We’ve quit talking about
fire seasons and just talk
about fire years. 

Aerial firefighting involves low-level operations in rough turbulent air, with frequent take-off and landing cycles, at medium to high gross weight, even though these are conservatively calculated, with wide operating margins. Smoke is a wild card in this scenario. ‘There really hasn’t been a lot of track history on operating turbine engines around fire and its effect on the engines,’ Gallaher says. ‘We don’t fly through dense smoke but I can’t say we never encounter smoke.’

The result is that a 500-hour annual season on a firefighting aircraft is regarded as equivalent to 3500 hours in regular use. ‘The C-130 Hercules we acquired were very low-time to start with,’ Gallaher says.

New techniques

Night operations

During early 2018, Emergency Management Victoria conducted a trial of night firebombing using night‑vision goggle equipped helicopters around Ballarat in Victoria. 

The trial demonstrated that night firebombing could be practical and effective. ‘There is great potential to use aerial firefighting at night when generally the fires are milder,’ Ellis says, ‘although that wasn’t always the case in 19–20.’ 

The all-out effort of the 2019–20 season interrupted the development of night firefighting, Ellis says. ‘It’s not a mature capability at the current time’, but interest after the promising Victorian trial remains high. 

‘Night offers the chance to take advantage of favourable conditions of lower temperature and higher relative humidity. And if we’ve got the airframes, it makes sense to maximise use of them.’

Large aircraft

There is also a trend towards using larger aircraft earlier in the fire. ‘Some jurisdictions are now exploring whether we can engage large air tankers earlier to have a focused approach of attacking fires when they’re small, with large air tankers, not just smaller aircraft,’ Ellis says.

Although 81 per cent of the aerial firefighting fleet is Australian owned and registered, most large helicopters and very large aircraft are mostly contracted from the northern hemisphere (although NSW now own and operates a Boeing 737 large air tanker). This situation creates the issue of fire season overlap – contracted aircraft are often now busy fighting late season northern hemisphere fires at the same time as early season fires are underway in Australia.

‘Let me put it this way: we’ve quit talking about fire seasons and just talk about fire years, Gallaher says. ‘In North America we now have years where there are fires year-round. There’s no question that fire seasons are getting longer and there is overlap between here and Australia. The 19–20 season started in August, at the height of the north American season, there was lot of overlap.’

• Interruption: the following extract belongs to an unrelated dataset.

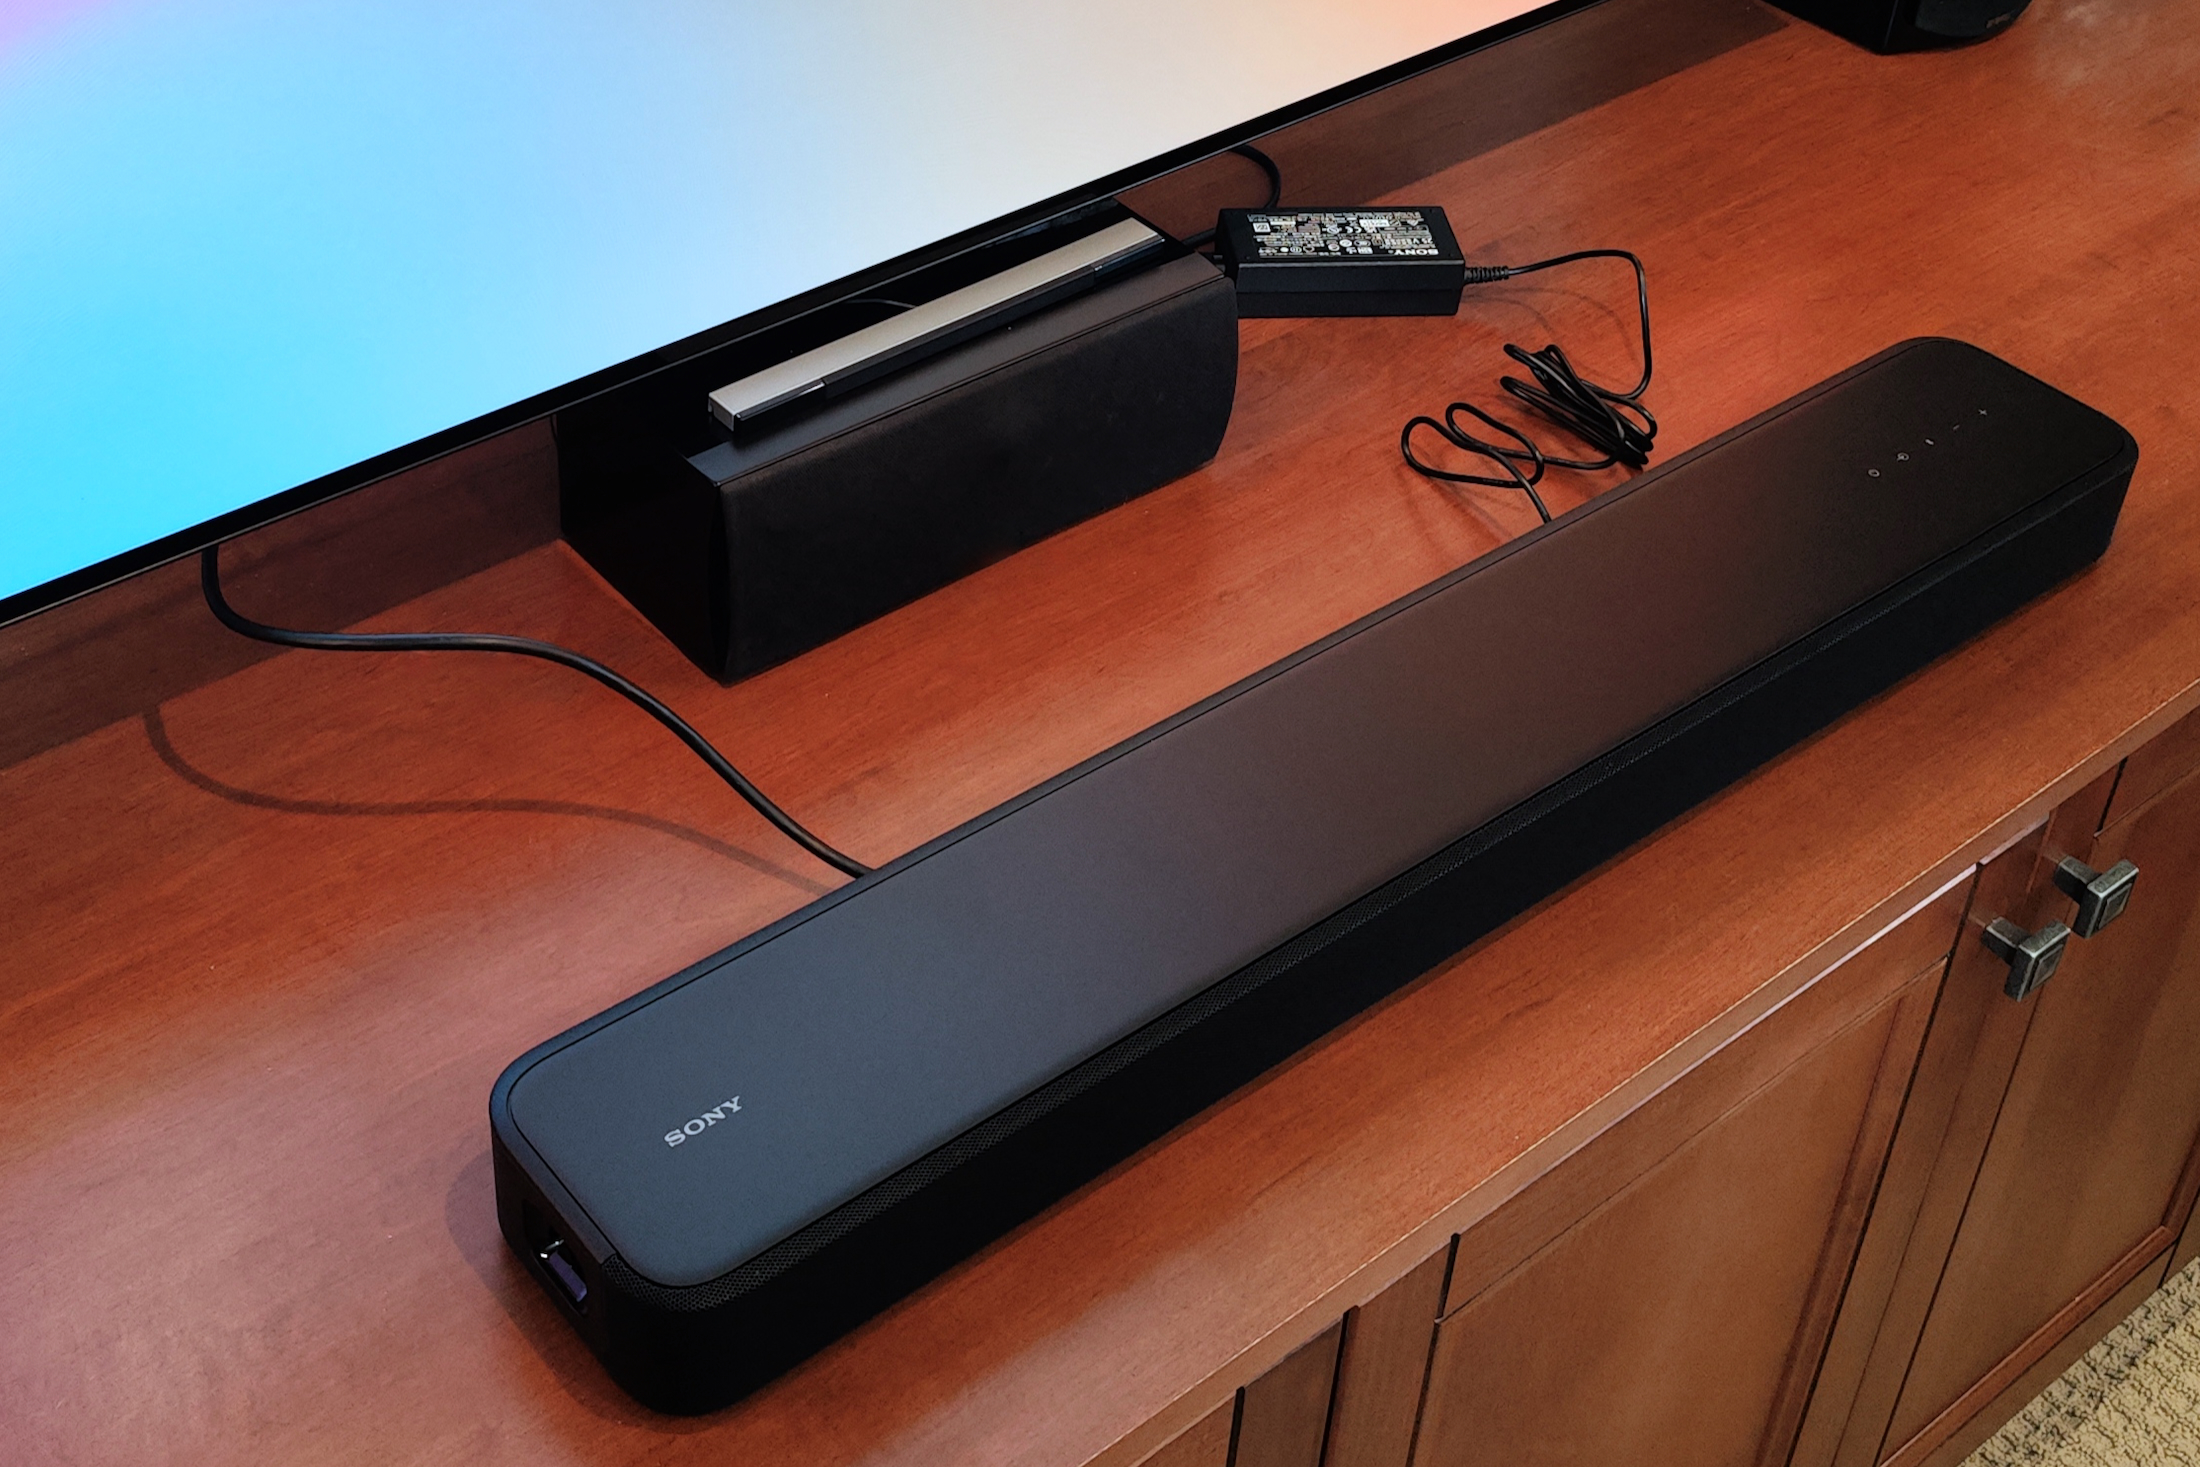 Sony HT-S2000 for sound review: Digital bigger Trends | trades smarts Sony

But he is confident the market will respond to increased demand in both hemispheres at the same time. ‘I don’t think it’s an insurmountable issue, but it’s one we need a keen focus on.’

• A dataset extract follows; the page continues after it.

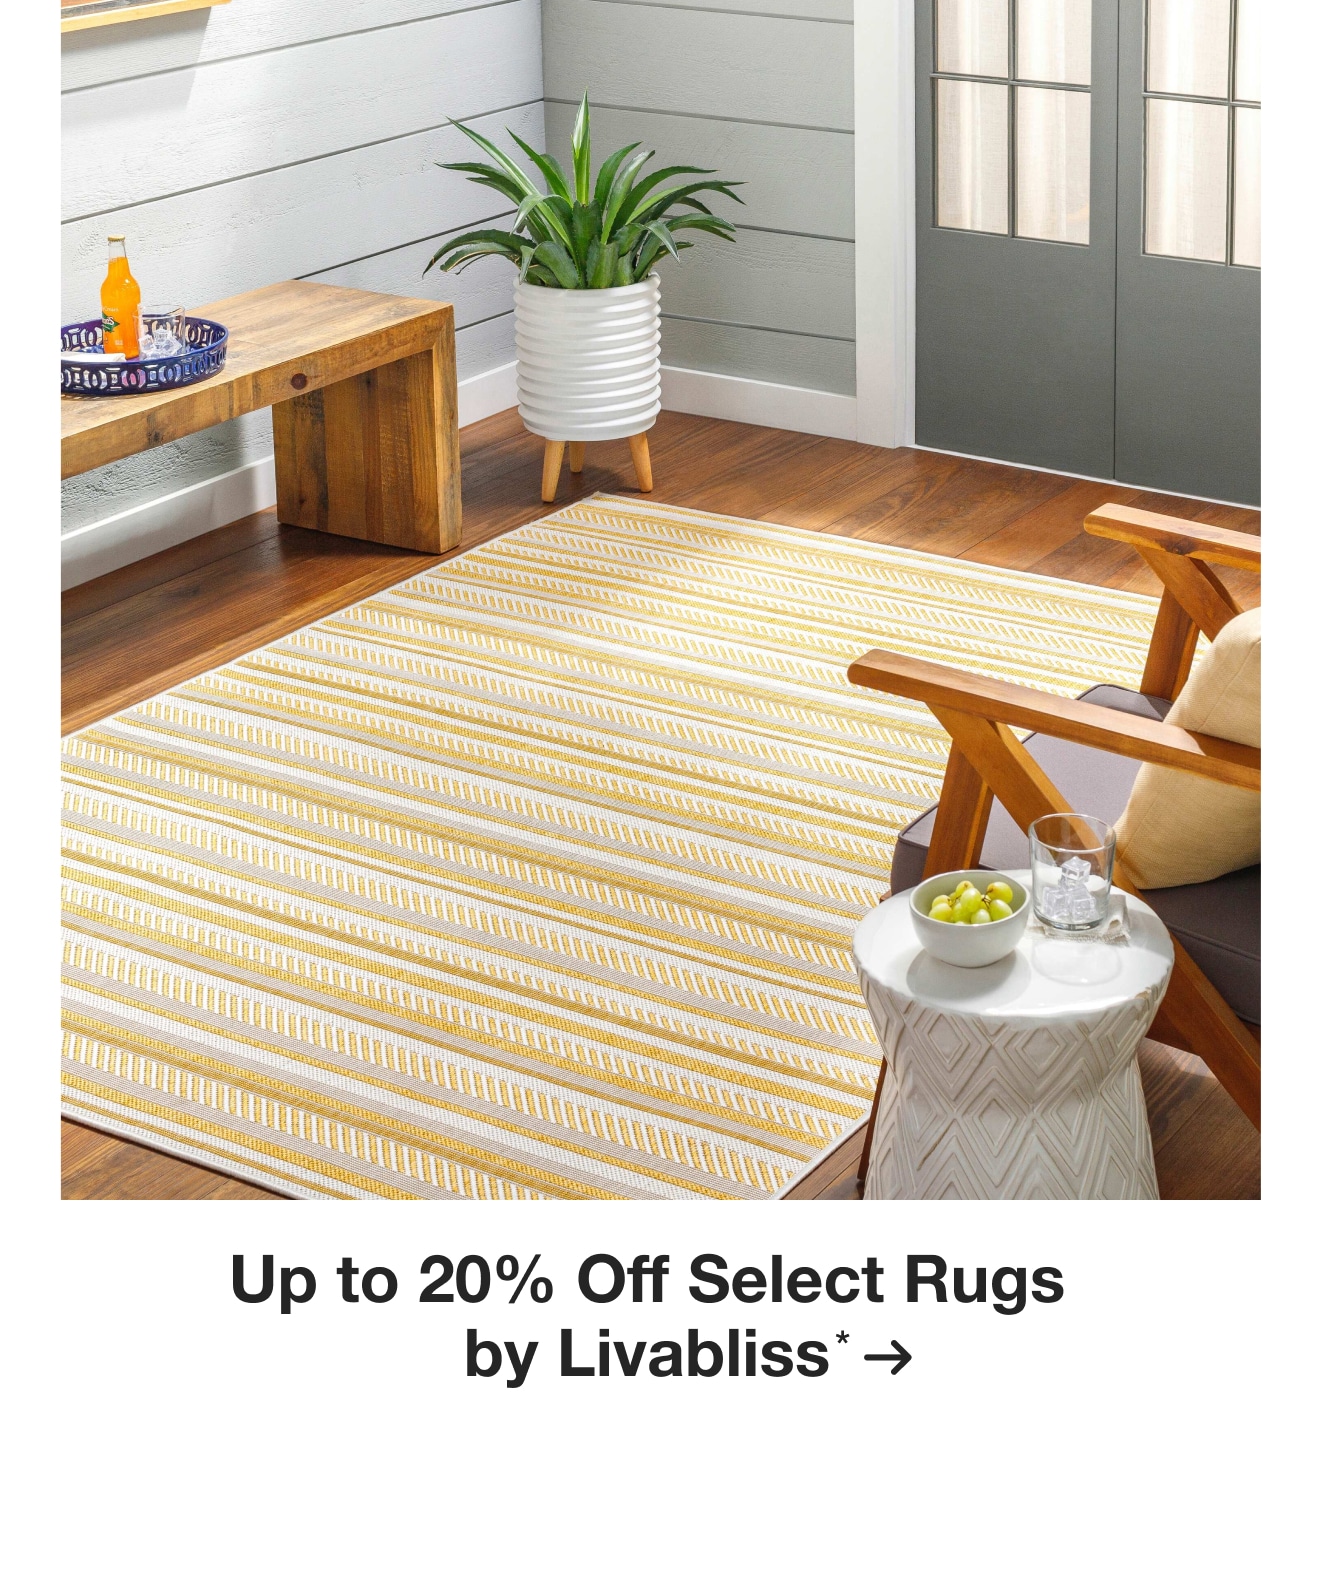 Up to 20% Off Select Rugs by Livabliss*

Gallaher says large air tankers can play a significant role in fighting Australian fires that are far from the nearest aerodrome. ‘One of the challenges Australia faces is the distance fires are from airports set up for firefighting operations [with tank refilling facilities],’ he says. ‘The farther the distance, the slower the turnaround. You get a fire that’s far away and the single-engine air tankers become less efficient, because they are slower and not carrying as much volume. This is balanced to some degree by the ability of single-engine air tankers
to land in paddocks or smaller airfields and draw water/retardant from tanker trucks.’

Gallaher and Ellis agree that a balanced aerial firefighting fleet requires a mix of large and small aircraft, both fixed-wing and rotary to support ground-based firefighters. ‘It’s all about the volume you put on the fire, whether from a few large aircraft or many smaller aircraft,’ Gallaher says.